Several times he returns to the subject of personal ‘decoration’ and the British ‘Royal Honours’ system – where so often, in my view,  unwholesome, disreputable ‘dignitaries’ are awarded  laurels they do not deserve.

Alan.Bennett.02Bennett has declined most awards offered him. He insists this is not false modesty or inverted snobbery but due in part to an upbringing where it was considered wrong to push oneself forward or worse

“to be under an obligation or to owe someone a favour, particularly someone outside the family – an attitude  not uncommon in their (his parents’) class and circumstances.”
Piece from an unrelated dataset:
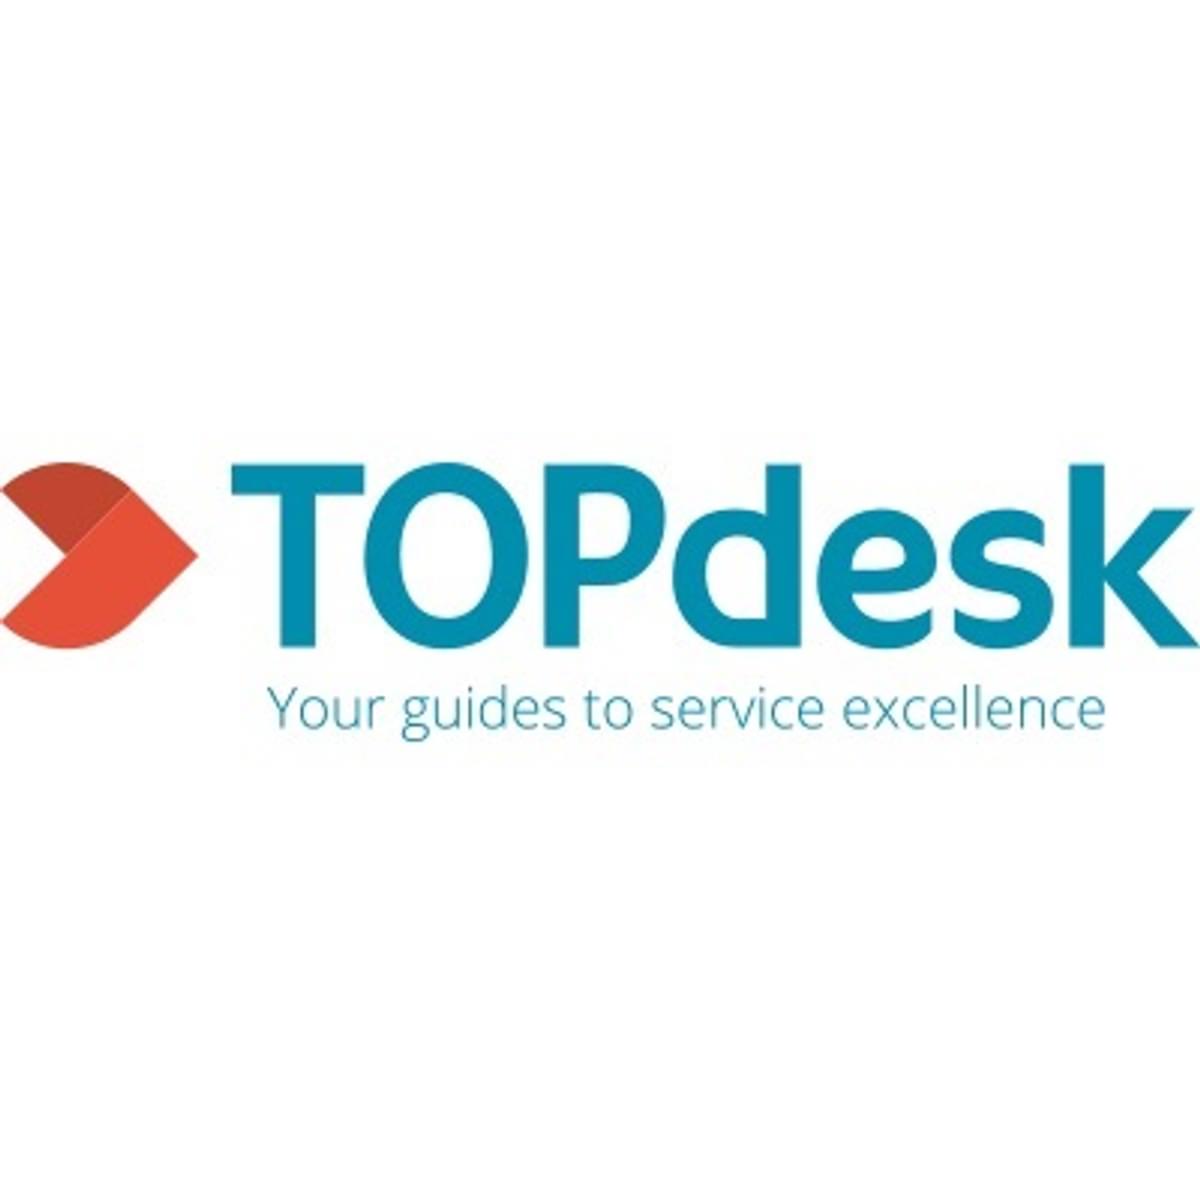 TOPdesk presenteert nieuwe huisstijl image
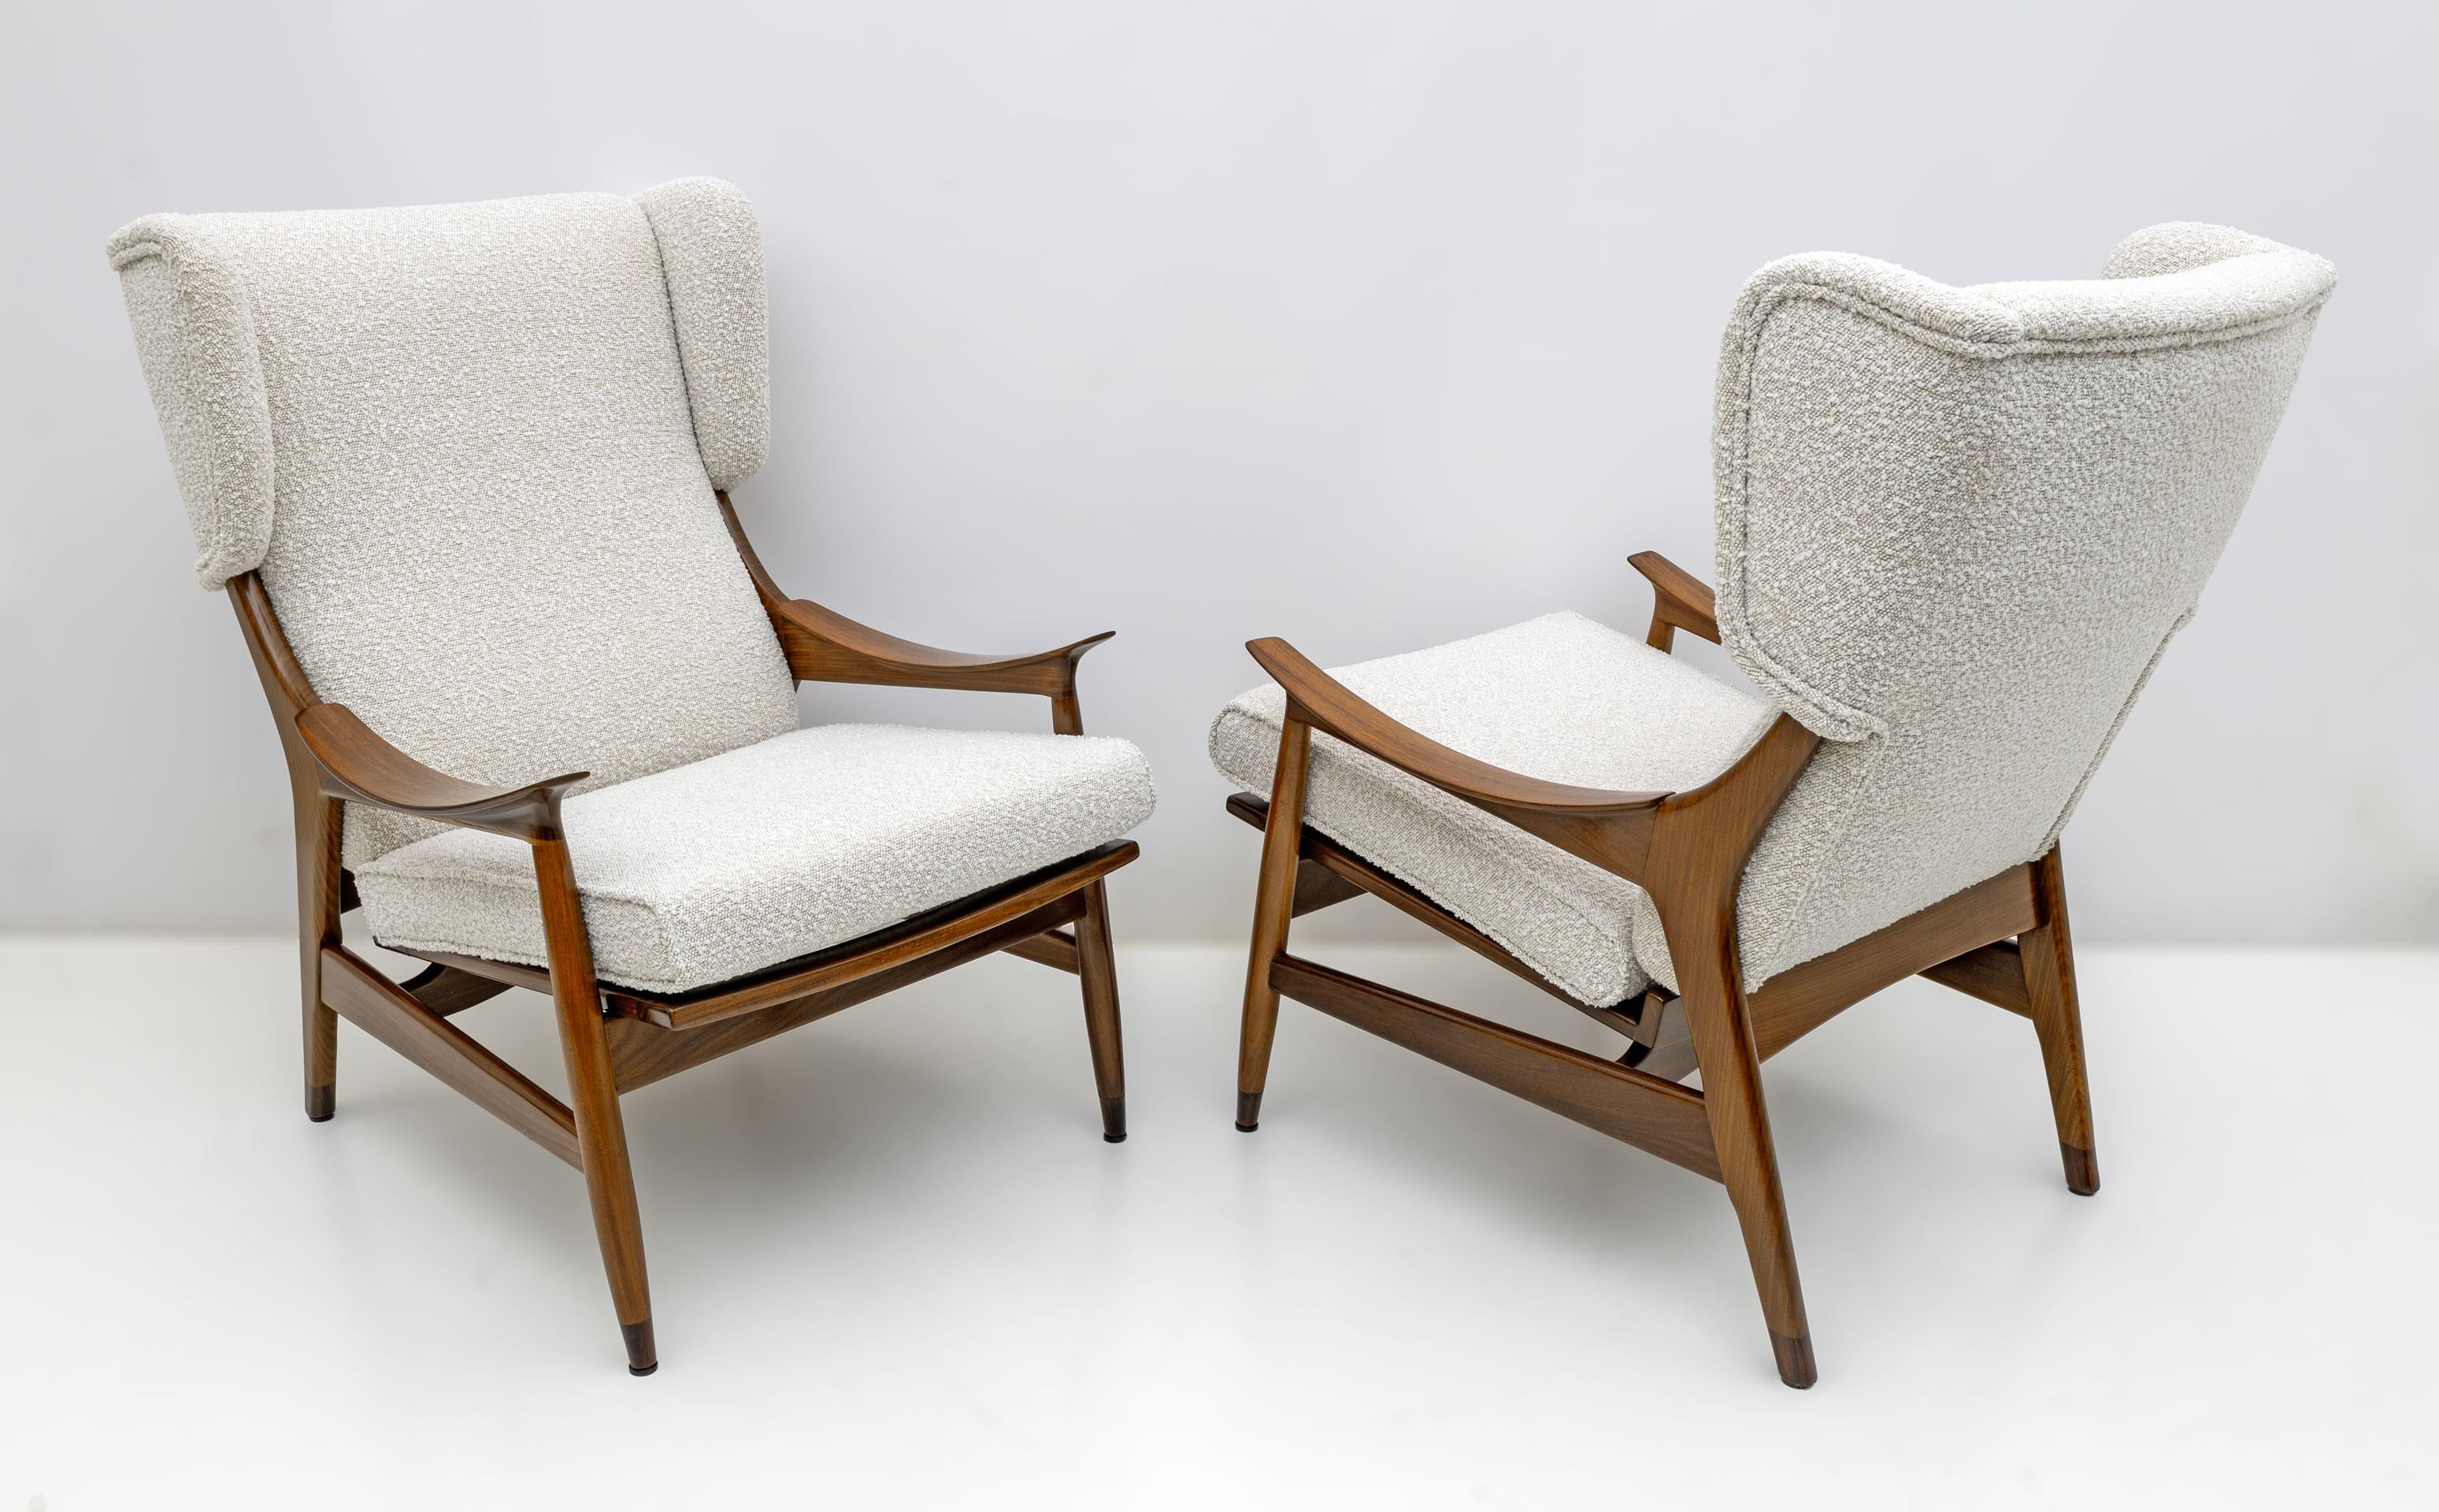 Dieses Paar spektakulärer Sessel wurde in den 1950er Jahren in Italien von der Firma Framar (Fratelli Marelli) hergestellt! Mit ihrem leichten Palisandergestell, der dezenten Rückenlehne und den geschwungenen Armlehnen repräsentieren diese Sessel

Elsewhere Bennett refers to “a lot of ”antisemitism in Leeds, even post-World War 11 .”

This is unsurprising and probably due in part to personal envy as several local  Jewish ‘celebrities’ made a genuine, hard-won and well-earned fortune in the city having settled there as humble immigrants from Eastern Europe.

But whatever faults I may pick with this sprawling, occasionally poorly edited and repetitive book, anti-Jewish sentiment is not among them. As a man of books and theatre, many of Bennett’s closest friends and working colleagues, like directors, Jonathan Miller and Nicholas Hytner are Jewish.

But as a second rank Bennett fan, what I did not expect was the occasional misspelling (one instance of 'complimentary' for 'complementary' medicine) and even a misuse of 'who' and 'whom'. These errors may have been corrected in later editions.

However, I also found the echoes between the diaries and some of the essays rather tiresome and the parallels between his mother's long years in care homes and the description of his own illness a mite maudlin.

Finally (sic) the endless trudging round country church graveyards and the like with his partner - another 'Rupert' and a man young enough to be his son - gave me a sense of great unease. But to say more would be to find myself in deep hot water.